Yes, unfortunately, you read that right. And they are in my refrigerator on purpose, not because we have some kind of icky mealworm infestation (if that’s what mealworms do–I know not). No, see, this is what happens when you have boys in your house. Let me explain.
Growing up, there was me and my two sisters. We liked kittens, and flowers, and music. My mom, bless her heart, was (and still is to this day) TERRIFIED of bugs of any kind, but in particular, spiders. Now, this could have to do with the day that a tarantula crawled up her hand as she was weeding in the ivy along the border of our lawn in San Bernadino–but I digress.
Worms. Growing up, my best friend had a creepy brother that would occasionally show off for me by doing gross things, like cutting a worm in half so we could watch both halves continue to wiggle–stuff like that. But I did not grow up with critters, slithering pets, or any type of weird animal that required anything as food besides, you know, food.

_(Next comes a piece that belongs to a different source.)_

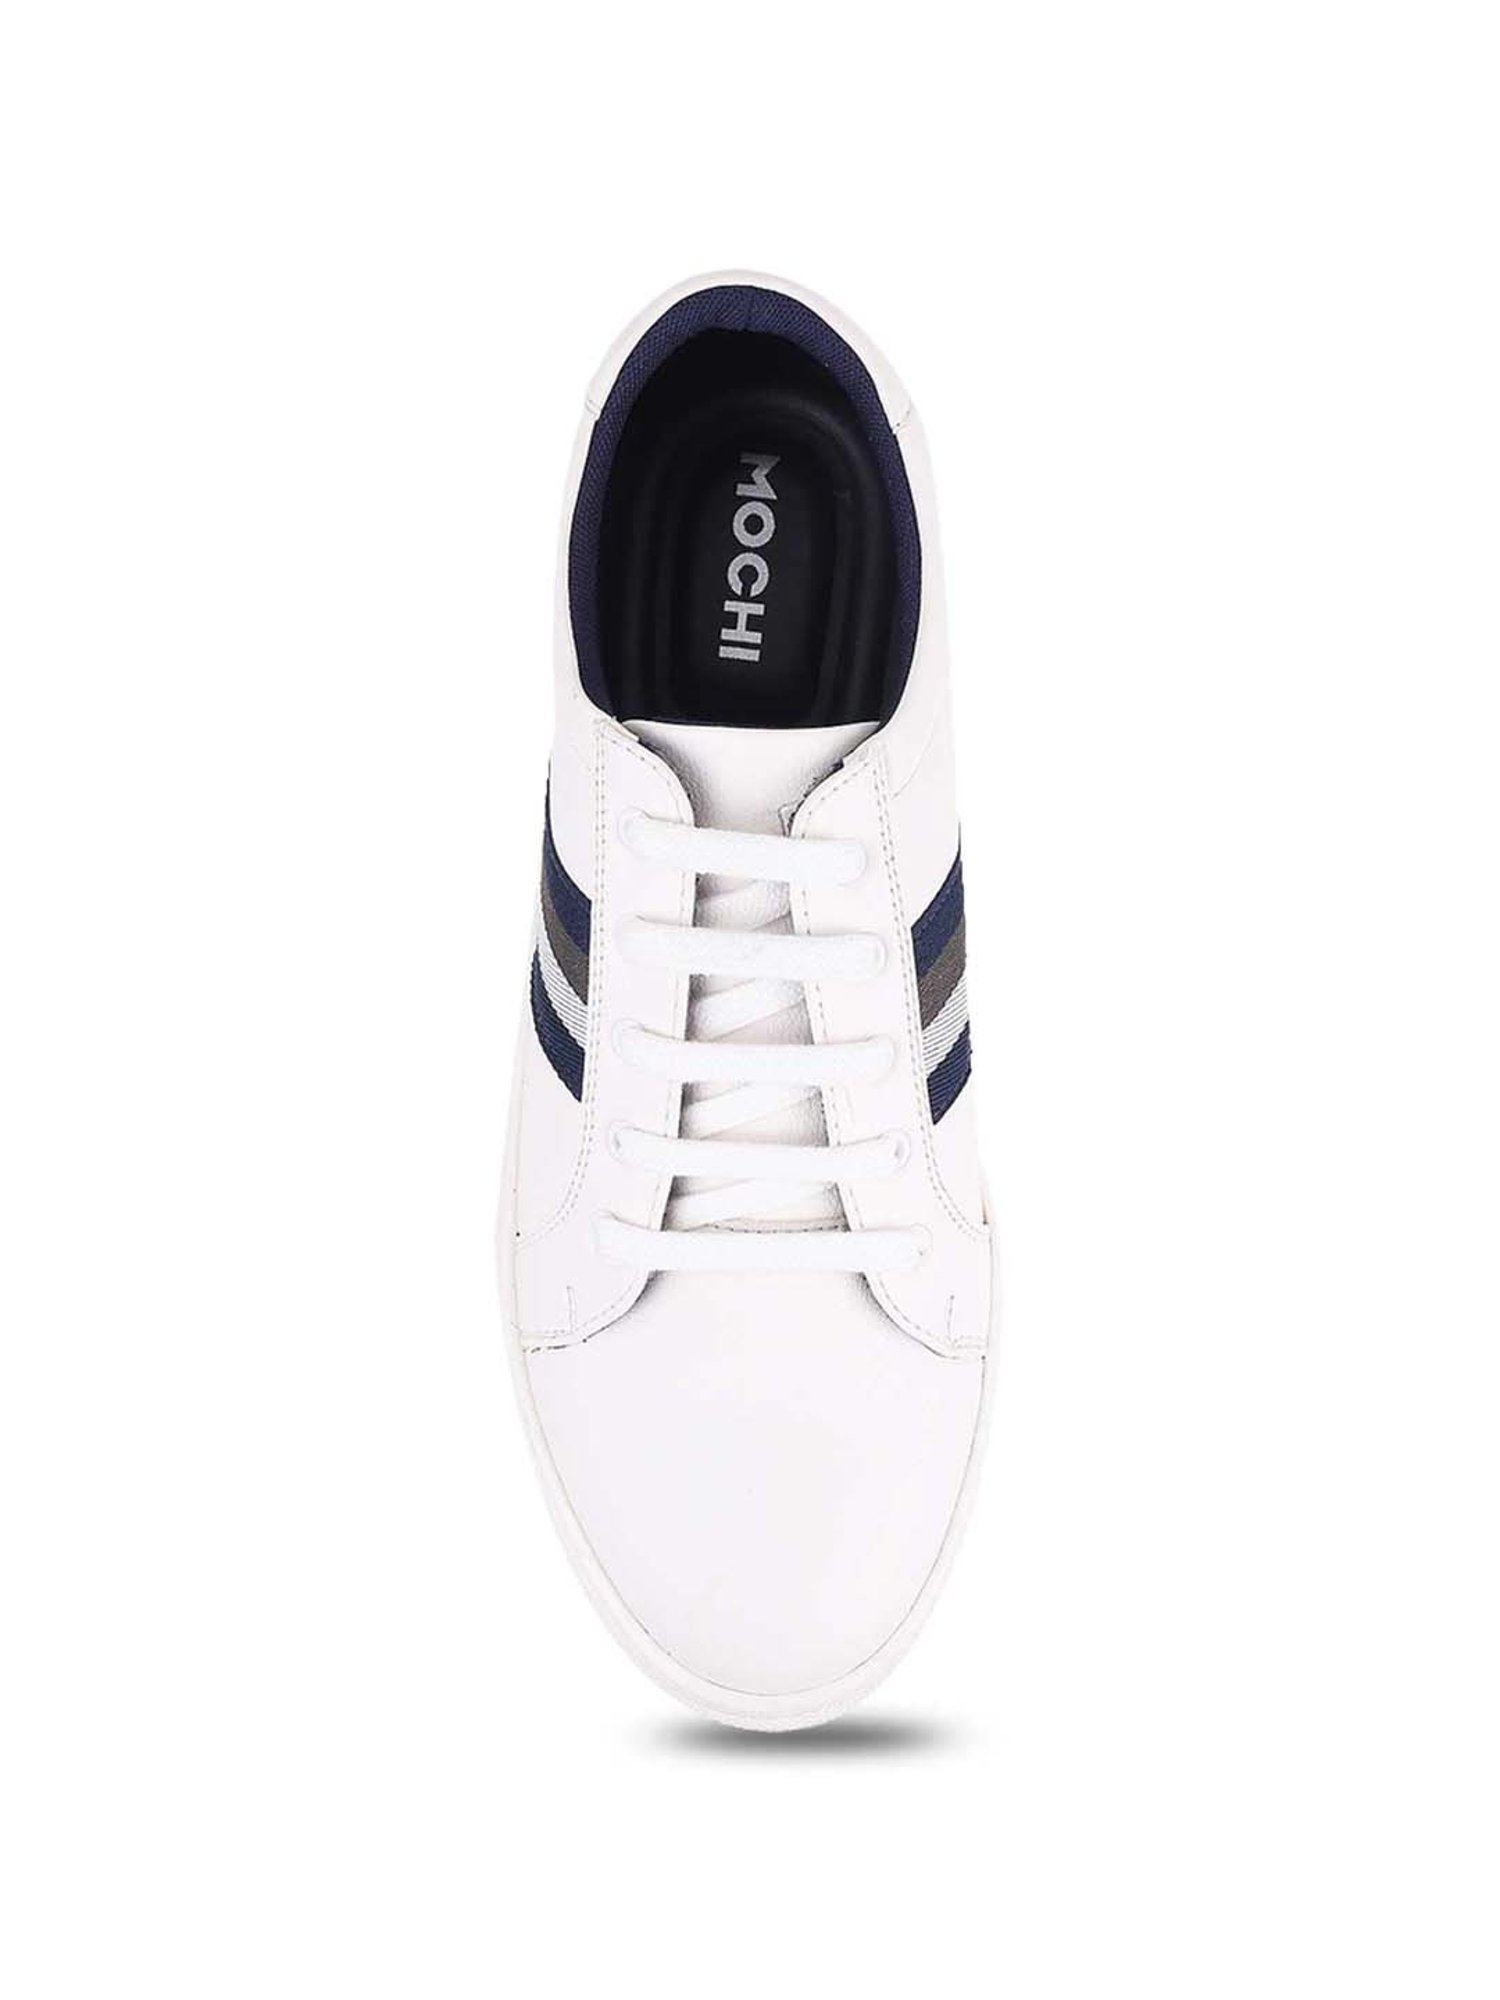 Buy Mochi Boy's White Sneakers-5 Kids UK (38 EU) (46-5133) at Amazon.in

And yet…now I have a four-year-old boy who does BECAUSE I have a fifty-five year old husband who thinks collecting the lizards that hang out at our new place is cool. God love him. I mean it IS cool that he’s teaching our son all about nature, and critters, and all that gobbledygook–and considering that he was a bug and dirt major in college, he really gets into all this. I’m happy for Lukas that he has at least one parent that’s in touch with the gritty side of life–who gardens and uses grow room carbon filters, gets their hands dirty, knows the names of plants and flowers, can identify the difference between a gecko and a lizard (???)–all important. Right?
However, I’ll stay over on the other side, where I can identify a lengthening mascara from a volumizing one, a blusher from a bronzer, and a lip gloss from a lipstick (der). All useful information for my ten-year-old daughter, for sure; yet clearly out of the realm of knowledge for my husband–putting my college degree to work (Communications Studies)? You betcha.